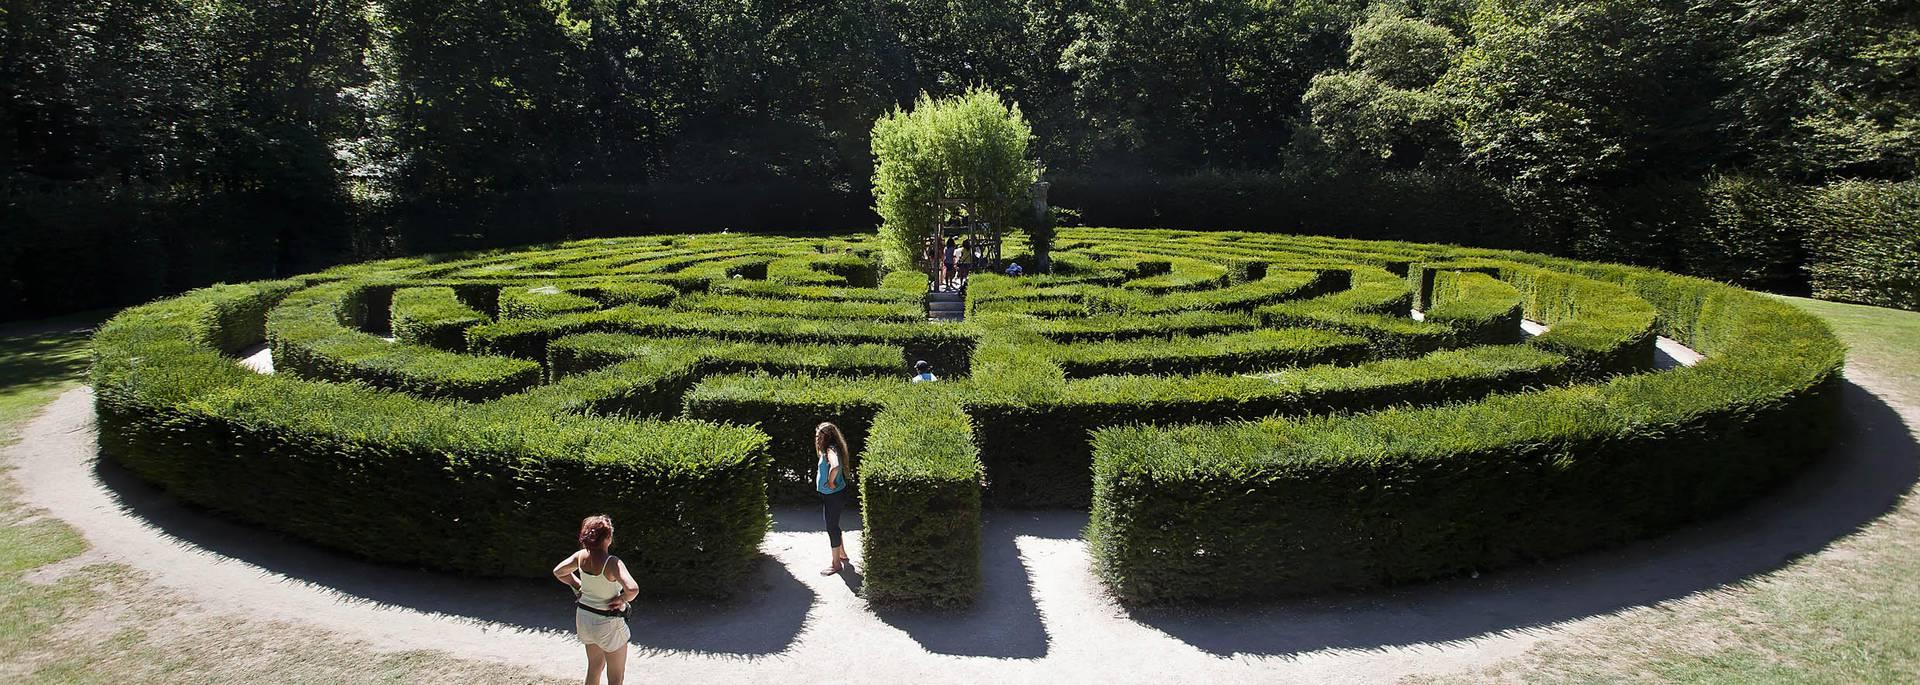 Schlossgarten in Chenonceau© Images de Marc
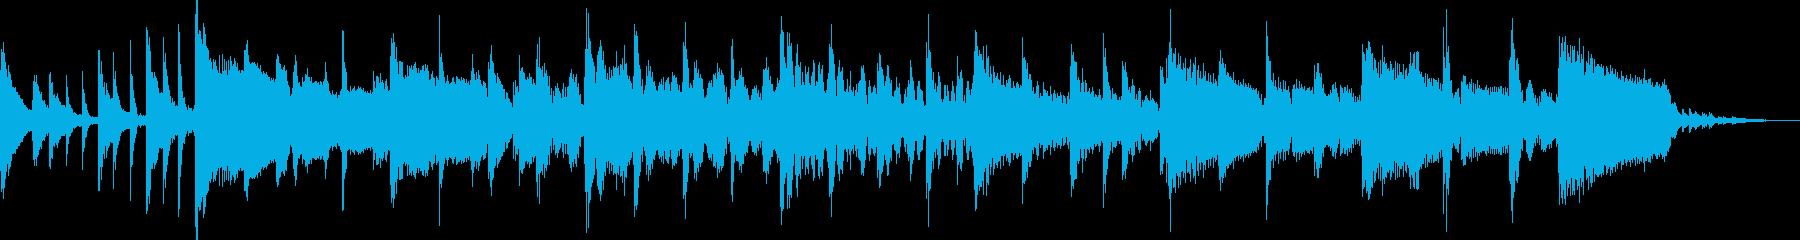 チープサウウンド GAMEイントロの再生済みの波形
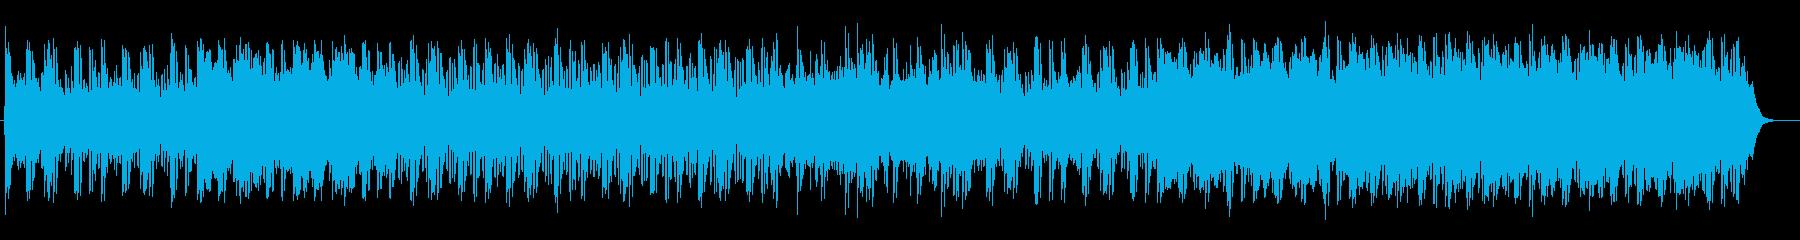 流れを感じるリラクゼーションミュージックの再生済みの波形
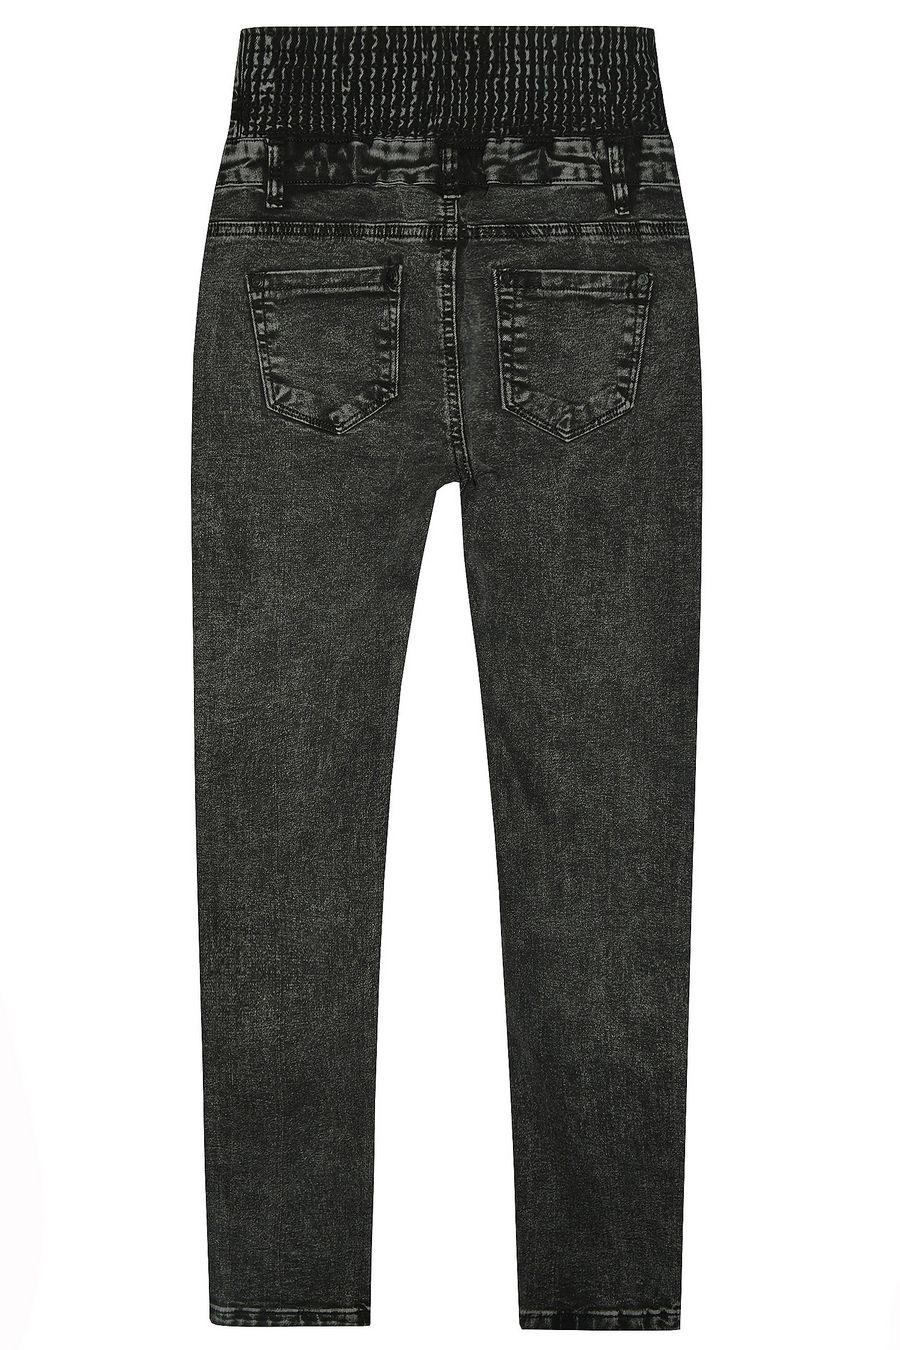 Джинсы женские K.Y Jeans HC297 - фото 2
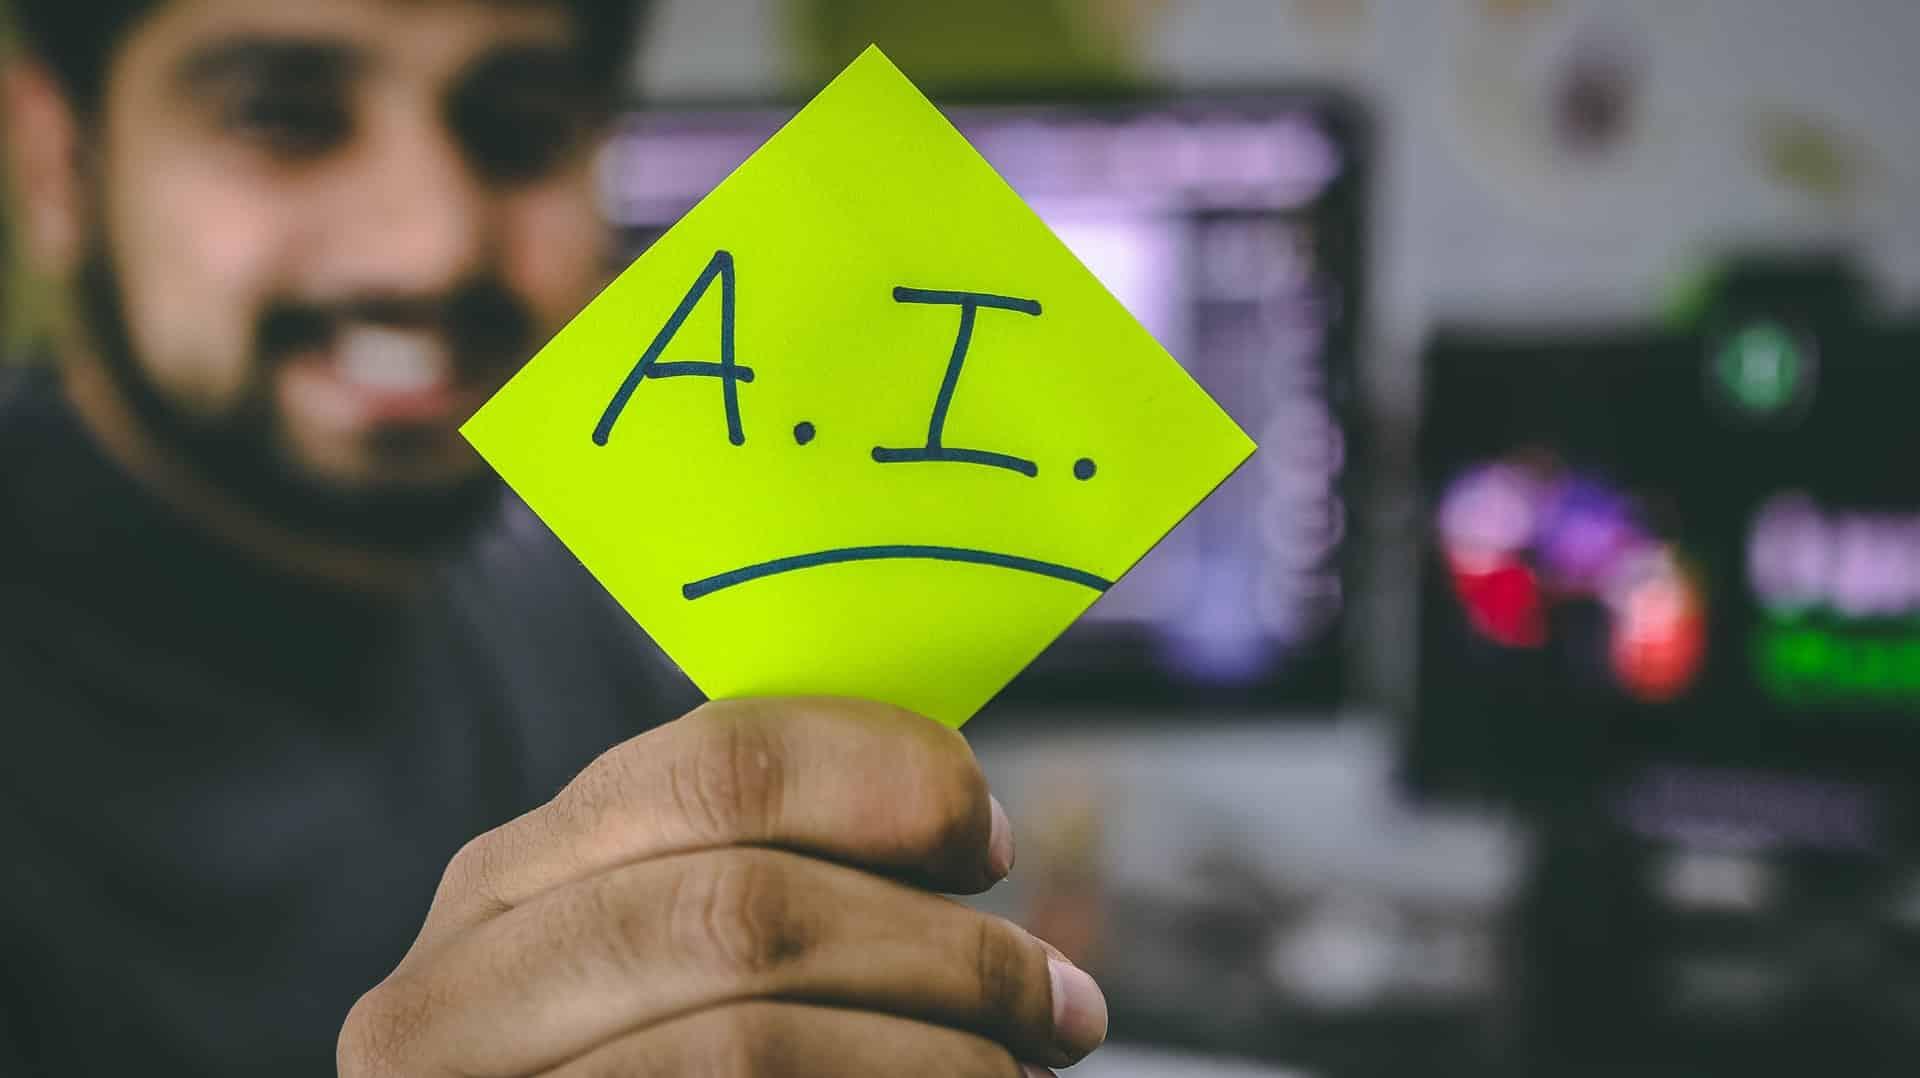 Математики АлтГУ успешно реализуют образовательную программу Intel «Технологии искусственного интеллекта для каждого»

+ + +

§ What you have to do
Copy the lines of the records, beginning where the line containing "チープサウウンド GAMEイントロの再生済みの波形" appears and continuing through the final line, exactly and with no pictures.

§ Response
 チープサウウンド GAMEイントロの再生済みの波形
 流れを感じるリラクゼーションミュージックの再生済みの波形
 Джинсы женские K.Y Jeans HC297 - фото 2
 Математики АлтГУ успешно реализуют образовательную программу Intel «Технологии искусственного интеллекта для каждого»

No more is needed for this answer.